Yep, the “hi-top fade” is back! Only now, it’s not as mainstream as it was in the late ’80s. And that’s a good thing, since it gives you the freedom to wear it any way you like: clean, textured, tall, short, etc. The best part is that, if you make it work with your overall presentation, you will be the center of attention -- in a good way.

Keep in mind, however, that a hi-top fade can lengthen and also square the face off. There are exceptions to the rule, but if your face shape is square or oblong/rectangular, you may want to avoid this style.


Afro




There are many names for this style: afro, low-fro, afro temp, etc. And depending on which city you’re in, there’s tremendous variety in how it’s worn too. These pictures show what’s most popular at the moment, but if you want to wear it fuller, go for it. The sky is truly the limit here.

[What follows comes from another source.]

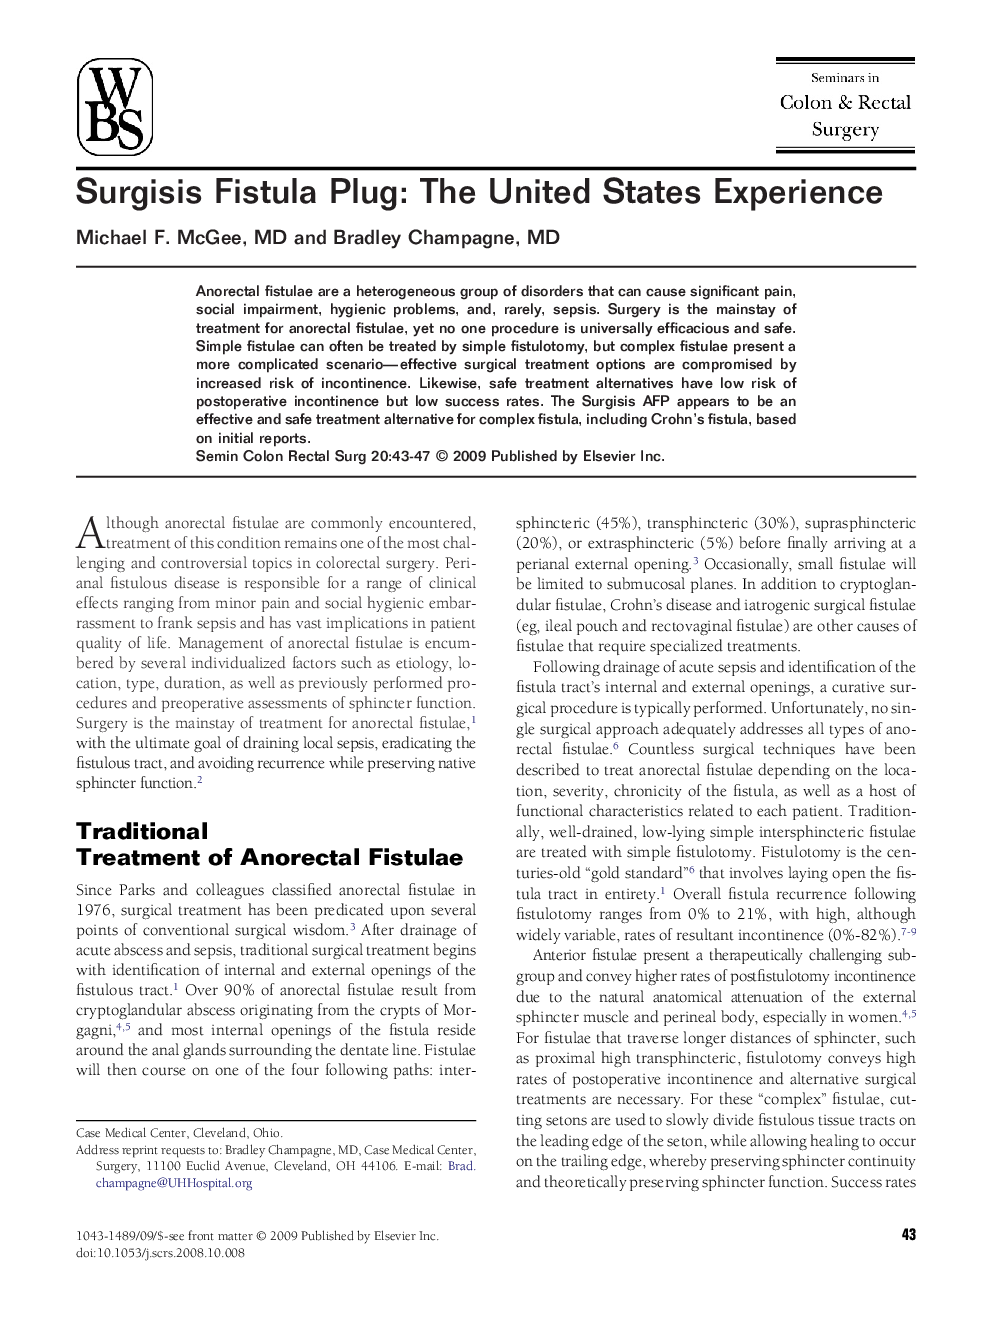 Surgisis Fistula Plug: The United States Experience

Yet another name for this style is the “Neo-Soul” look, simply because -- while it can be worn neat or messy -- it always has an artistic, nonconformist flare. In other words, this style isn’t for everyone. But if your personality fits the bill, it’s a killer look.

The Caesar

The Caesar haircut typically comes in two shades: low/light and dark. Depending on where you live (and your hair type), you may also hear people referring to a third shade: medium.

One thing I like about this style is that the person wearing it can look totally different with each of the different lengths. The lighter the haircut, the more the attention is drawn to the eyes. The darker the cut, the more it creates a frame for the face, allowing facial hair to be prominent.

The Fade



Of course, this style has been around for ages, and for good reason. It fits every face shape and every hair type, and the variations are endless! However, I have noticed a trend toward a darker shade with more length on the top (think Blair Underwood and Maxwell). This new trend adds immediate sophistication to what is already a timeless look.

Dreadlocks



It takes a confident man to pull this hairstyle off -- not to mention a patient one. With the amount of time it will take to grow your hair to these lengths, you will definitely realize soon enough if it’s for you. But with patience comes great reward, as you can see from these images. Good look, right?

Now we’ve all seen different looks within the dreadlock style, but the most versatile and popular now is shoulder-length and neat. That’s because the style is slowly gaining acceptance in the corporate world. In addition to being office-ready, shoulder-length dreads have another benefit: They complement your overall appearance rather than dominating it.